Тут у меня действительно закололо сердце – наверное, со страху. Я бы посмотрелся в зеркало, но зеркало в троллейбусе лишь одно, сбоку – перед водителем. Я не стал останавливать троллейбус и просить водителя дать мне взглянуть на мои губы и уши.
– А что у тебя с глазами! – почти вскрикнула она. – У тебя же зрачки широкие, как у покойника…
Очнулся я на полу троллейбуса. Какая-то полноватая дама, как оказалось, медсестра, энергично прижимала мою голову к моим же коленям.
– Я тебя, кажется, напугала, – смущенно сказала Бета. – Извини…
И потом еще много раз извинялась.
17
И еще один эпизод, связанный с троллейбусом. Правда, этого я почти не помню, да и не удивительно: по времени это относится к самому раннему моему детству. Родители мои незадолго до того развелись, я же пока еще не начал говорить – наверное, накапливал впечатления.
И вот в полупустом вечернем троллейбусе я вдруг вышел из безмолвия – и громко произнес вслух мои первые, исторические слова:
– Мой папа дерется стульями. Нехорошо драться стульями!
Пассажиры сдержанно захихикали. Опешившая от таких семейных реминесценций мать спешно схватила меня за руку и на ближайшей остановке вытянула из троллейбуса.
Так я начал говорить. Так зародилась моя склонность к обличительству, из-за которой я сегодня доставил Гамме несколько неприятных минут.
Что же до родителей, развод, наверное, был неизбежен. Отец, конечно, на то и был майором с зеленым околышем НКВД, чтобы покорить в меру диссидентствующую даму, однако как терпеть чужой дурной характер, когда твой собственный – не менее дурной?
18
Ночью – опять снится Бета. Как будто мы с ней путешествуем и она повсюду берет с собою дождь. И дает мне уроки смелости.
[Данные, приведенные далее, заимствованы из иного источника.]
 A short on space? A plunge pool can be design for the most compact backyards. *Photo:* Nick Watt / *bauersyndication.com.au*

– Тебе нравится погода? – спрашивает она меня.
– Нравится, – отвечаю я, приглаживая мокрые волосы.
Что-то сверкает, и молния ударяет в дуб, под которым мы сидим.
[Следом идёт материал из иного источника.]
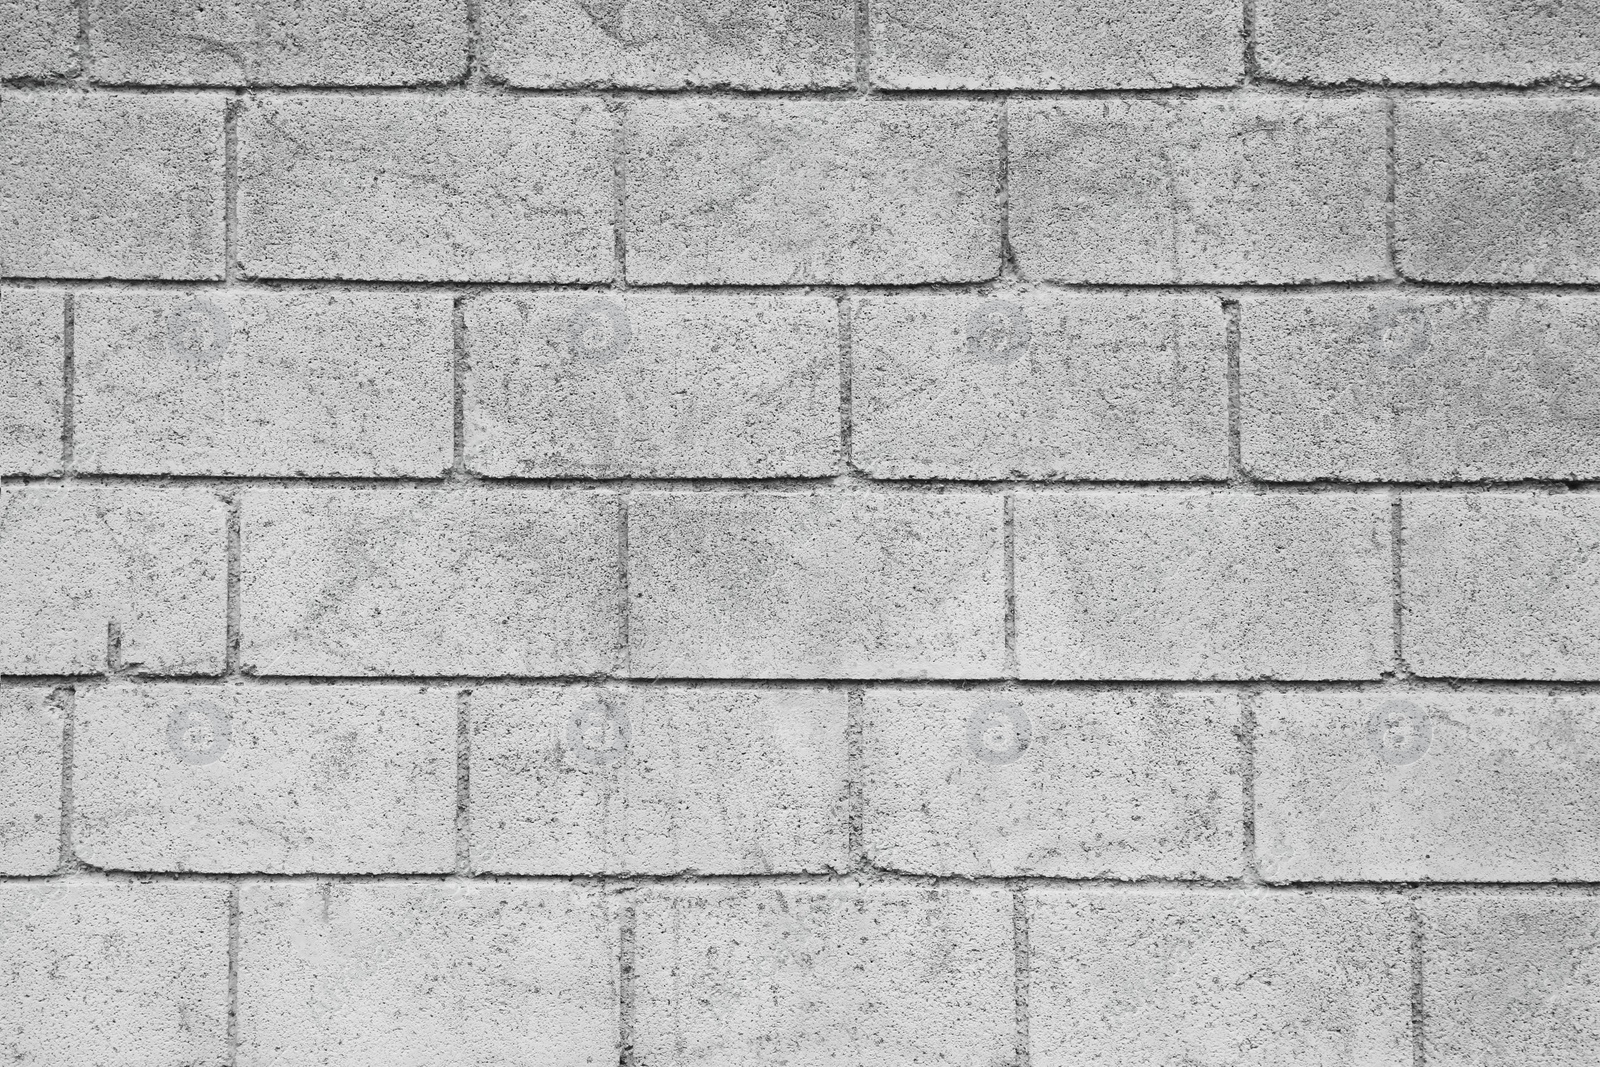 Photo of Texture of light grey brick wall as background

– И сейчас нравится? – спрашивает Бета.
– И сейчас, – отзываюсь я сквозь звон в ушах. – Люблю сидеть у костра.
Перед нами действительно догорает дуб.
Бета улыбается своею новой, смелой улыбкой, запрокидывает голову назад и распускает свои золотистые волосы.
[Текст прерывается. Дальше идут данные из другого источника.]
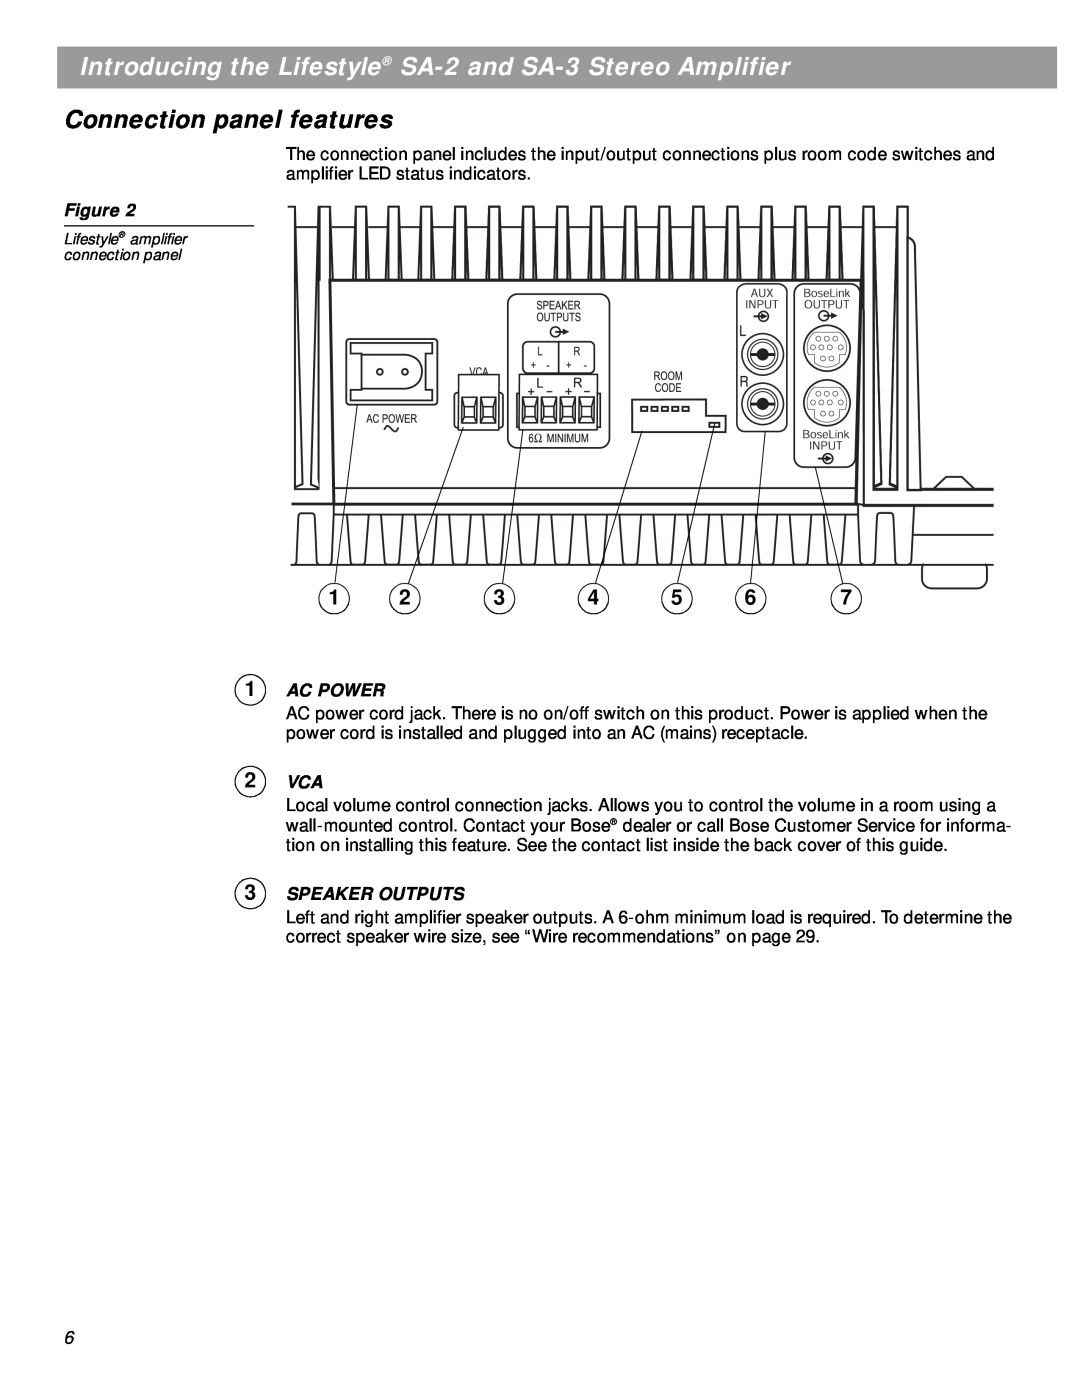 Bose SA-3 manual Connection panel features, 1AC POWER, 2VCA, 3SPEAKER OUTPUTS

Грохочет гром, с такой силой, что обрушивается наш дощатый домик.
– Тебе его не жалко? – спрашивает Бета. Чудные глаза ее блистают зелеными искрами.
– Не жалко, – отвечаю я, потому что не могу ответить иначе.
– Тогда пойдем гулять по тучам, – говорит Бета и прыгает на ближайшую тучу.
И мы гуляем с нею по мрачному небу так долго, что я теряю счет времени. А потом теряю и ее за каким-то облаком.
Я ищу ее в небесах и на земле, но не нахожу. Тогда я просыпаюсь и вспоминаю: в жизни Бета была ужасная трусиха.